The increase to long-term debt reflects the net effect of the $575.0 million of borrowings under the Company’s new Revolving Credit Facility, which was entered into on March 17, 2017 less FactSet’s retirement of its outstanding debt under an amended credit agreement between FactSet, as the borrower, and BofA, as the lender. The total principal amount of the loan outstanding at the time of retirement was $365.0 million. See Note 2, Financing, for further discussion. Additionally, FactSet capitalized $0.4 million in costs associated with the issuance of the new debt, of which $0.1 million was reported within Prepaid expenses and other current assets and the remainder in Other assets.

 

G.

Represents an adjustment of $2.1 million to remove prepaid commissions from BISAM’s balance sheet to align BISAM with FactSet’s variable incentive policy to expense as incurred.

 

H.

Represents the elimination of the historical equity of BISAM.

  

I.

As noted in Adjustment D, the Company determined the carrying value of BISAM’s deferred revenue was in excess of its fair value as of the acquisition date resulting in an adjustment of $16.9 million. After the acquisition, this adjustment will have a continuing impact and will reduce revenue related to the performance obligations as services are provided over the next seven years. As such, for purposes of these pro forma financial statements, the Company has adjusted BISAM revenues based on the estimated costs to fulfill the remaining service obligations plus a normal profit margin.

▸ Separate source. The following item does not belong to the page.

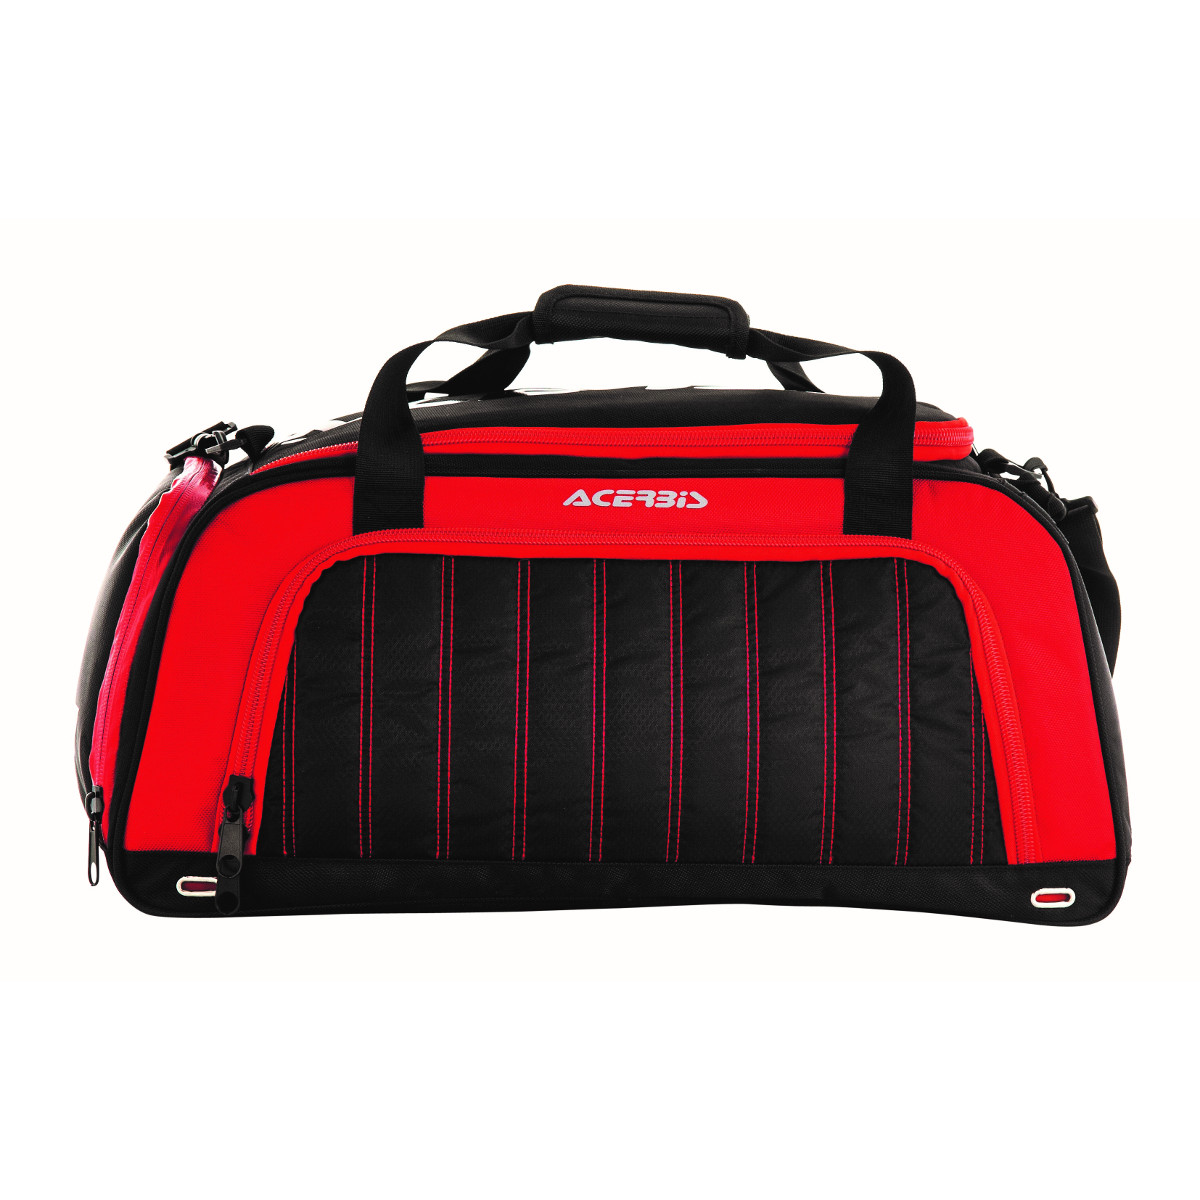 Acerbis Sports and Travel Bag Profile 50 Liter - Red/Black

The $4.6 million adjustment represents the impact to revenues for fiscal 2016 assuming the transaction was consummated on September 1, 2015. The $1.4 million adjustment represents the impact to revenues for the first six months of fiscal 2017 assuming the transaction was consummated on September 1, 2015.

 

J.

Represents the adjustment to accrue for expenses incurred by FactSet in connection with the acquisition of BISAM, including legal, accounting, tax and other professional fees.

 

K.

Represents the increase to interest expense resulting from the $575.0 million of borrowings under the Company’s Revolving Credit Facility, which was entered into on March 17, 2017. The interest was calculated on a daily basis at a rate equal to LIBOR plus 1.00%. This adjustment also includes the amortization of the debt issuance costs discussed in Adjustment F of $0.2 million for fiscal year 2016 and $0.1 million for the first six months of fiscal 2017.

 

L.

Represents the income tax effect of pro forma adjustments using an estimated statutory rate of 33.3% based upon the markets in which BISAM operates.

 

M.

Represents the adjustment to remove all expenses included in the historical statements of operations related directly to the BISAM acquisition, including legal, accounting, tax and other professional fees.